As he stepped around the table, Gia pulled Vicky out of his way and clutched her against her. His eyes were wild. Three long strides took him to the kitchen garbage can. He threw the orange in it, then pulled the Hefty bag out, twirled it, and twisted the attached tie around the neck. He dropped the bag on the floor and came back to kneel before Vicky. He gently laid his hands on her shoulders.

“Where’d you get that orange, Vicky?”

Gia noted the “Vicky” immediately. Jack never called her by that name. She was always “Vicks” to him.

“In… in my playhouse.”

Jack jumped up and began pacing around the kitchen, frantically running the fingers of both hands through his hair. Finally he seemed to come to a decision:

“All right—we’re getting out of here.”

Gia was on her feet. “What are you—?”

“Out! All of us! And no one eat any thing! Not a thing! That goes for you, too, Eunice!”

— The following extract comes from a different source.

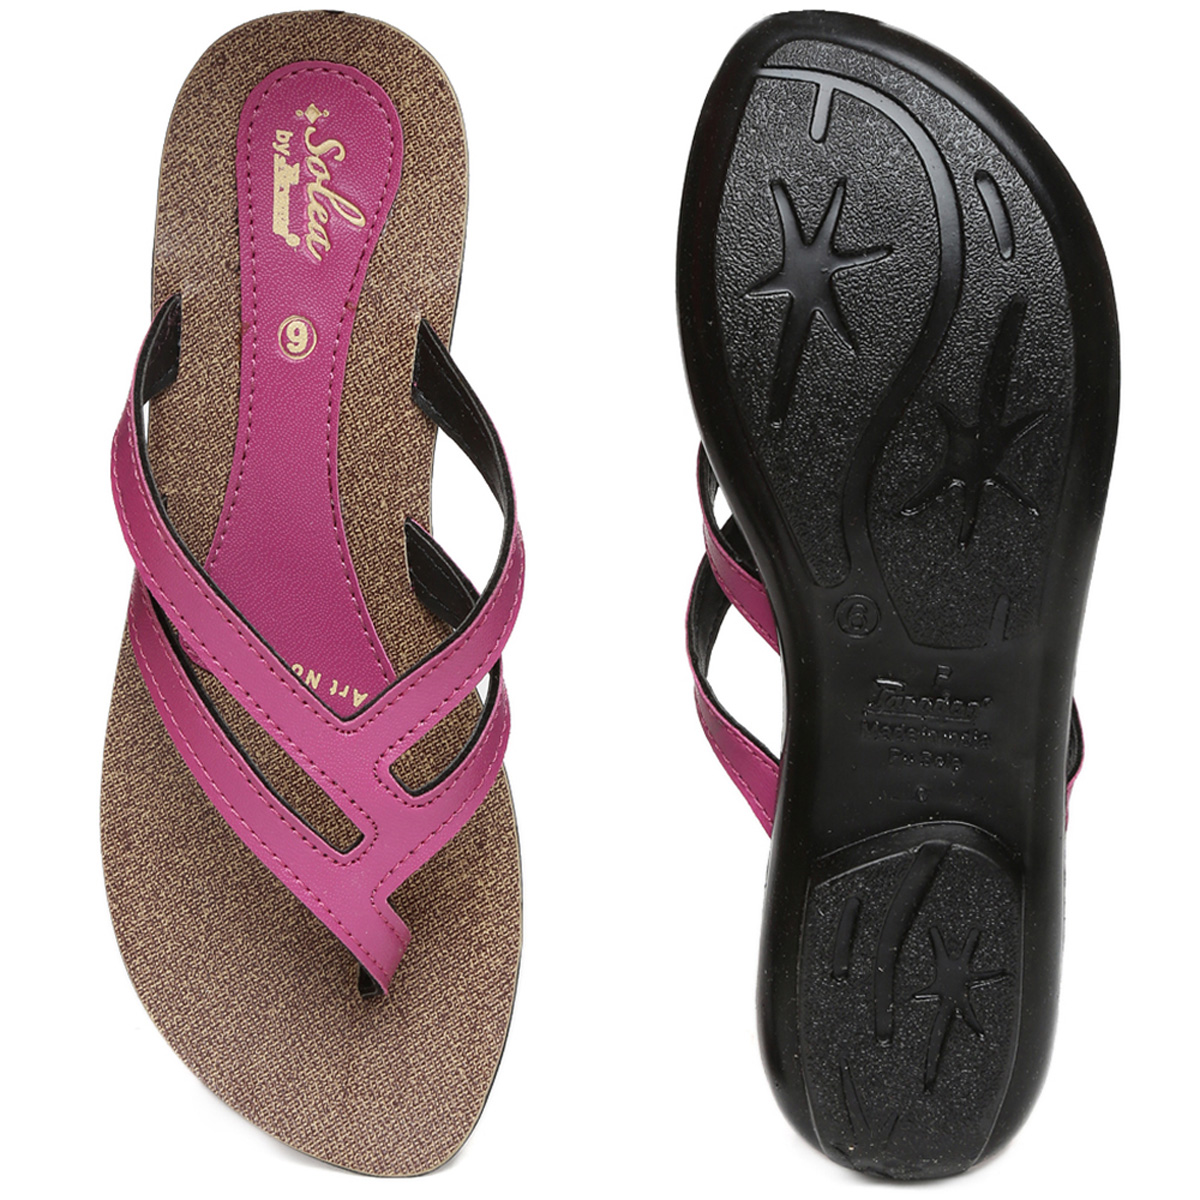 Buy Paragon Women'S Pink Wedge Slipper Online @ ₹219 from ShopClues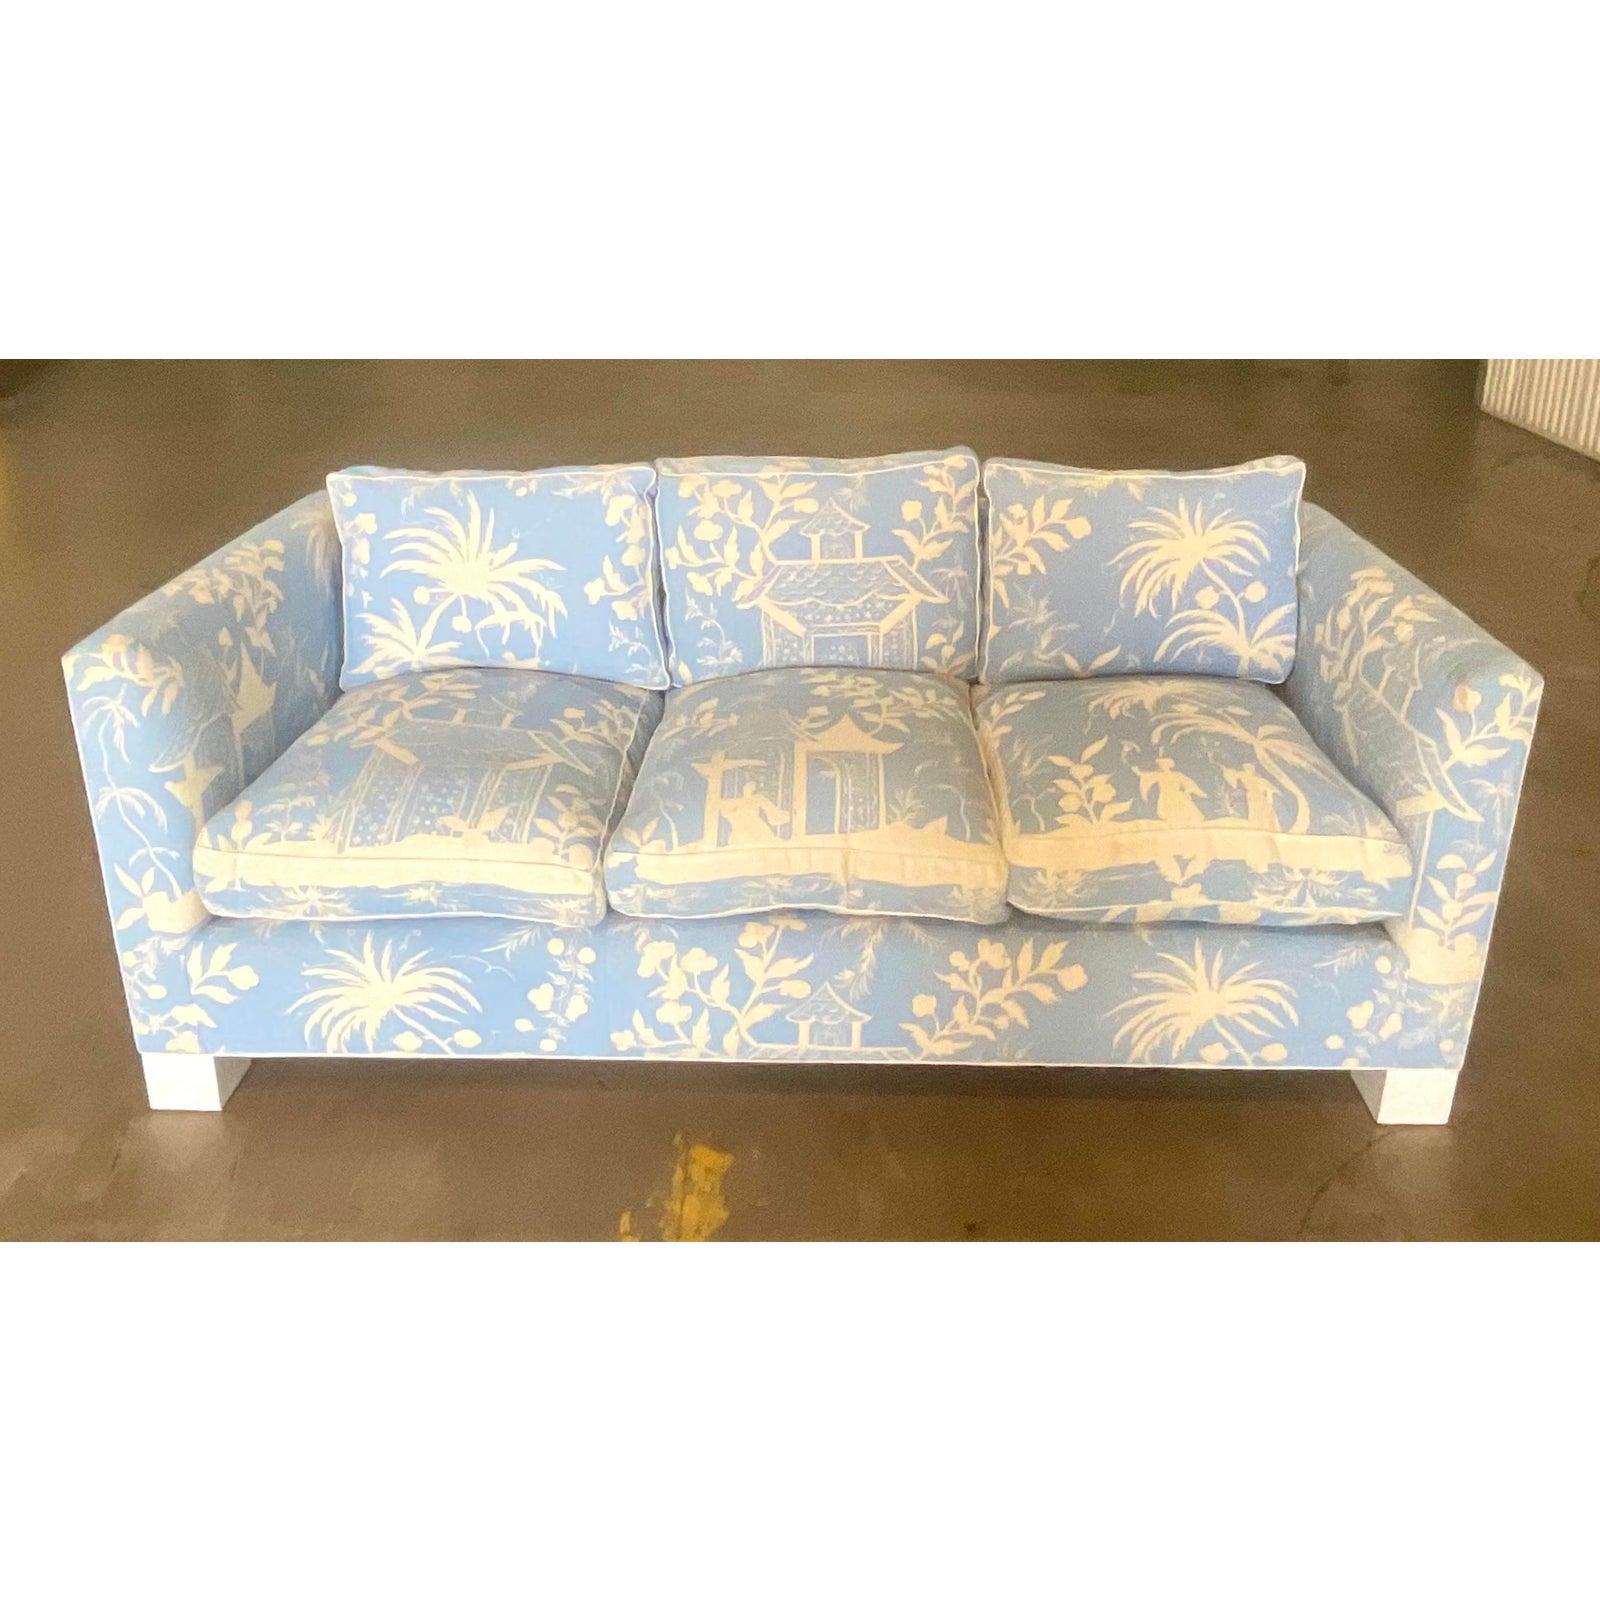 Spectacular vintage custom built Chinoiserie sofa. Done in the coveted Quadrille “China Sea” print. Made especially for the client in a custom pale ice lavender. Down filled with deep seats and clean shape. A breath taking addition to any project.

Eunice puffed herself up. “I beg your pardon?”

Jack got behind her and firmly guided her toward the door. He was not rough with her but there was no hint of playfulness about him. He came over to Gia and pulled Vicky away from her.

“Get your toys together. You and your mommy are going on a little trip.”

Jack’s sense of urgency was contagious. Without a backward glance at her mother, Vicky ran outside.

Gia shouted angrily: “Jack, you can’t do this! You can’t come in here and start acting like a fire marshall. You’ve no right!”

“Listen to me!” he said in a low voice as he grasped her left biceps in a grip that bordered on pain. “Do you want Vicky to end up like Grace and Nellie? Gone without a trace?”

Gia tried to speak but no words came out. She felt as if her heart had stopped. Vicky gone? No—!

“I didn’t think so,” Jack said. “If we’re here tonight, that might happen.”

Gia still couldn’t speak. The horror of the thought was a hand clutching at her throat.

“Go!” he said, pushing her toward the front of the house. “Pack up and we’ll get out of here.”

Gia stumbled away from him. It was not so much what Jack said, but what she had seen in his eyes… something she had never seen nor ever expected to see: fear.

Jack afraid—it was almost inconceivable. Yet he was; she was sure of it. And if Jack was afraid, what should she be?

Terrified, she ran upstairs to pack her things.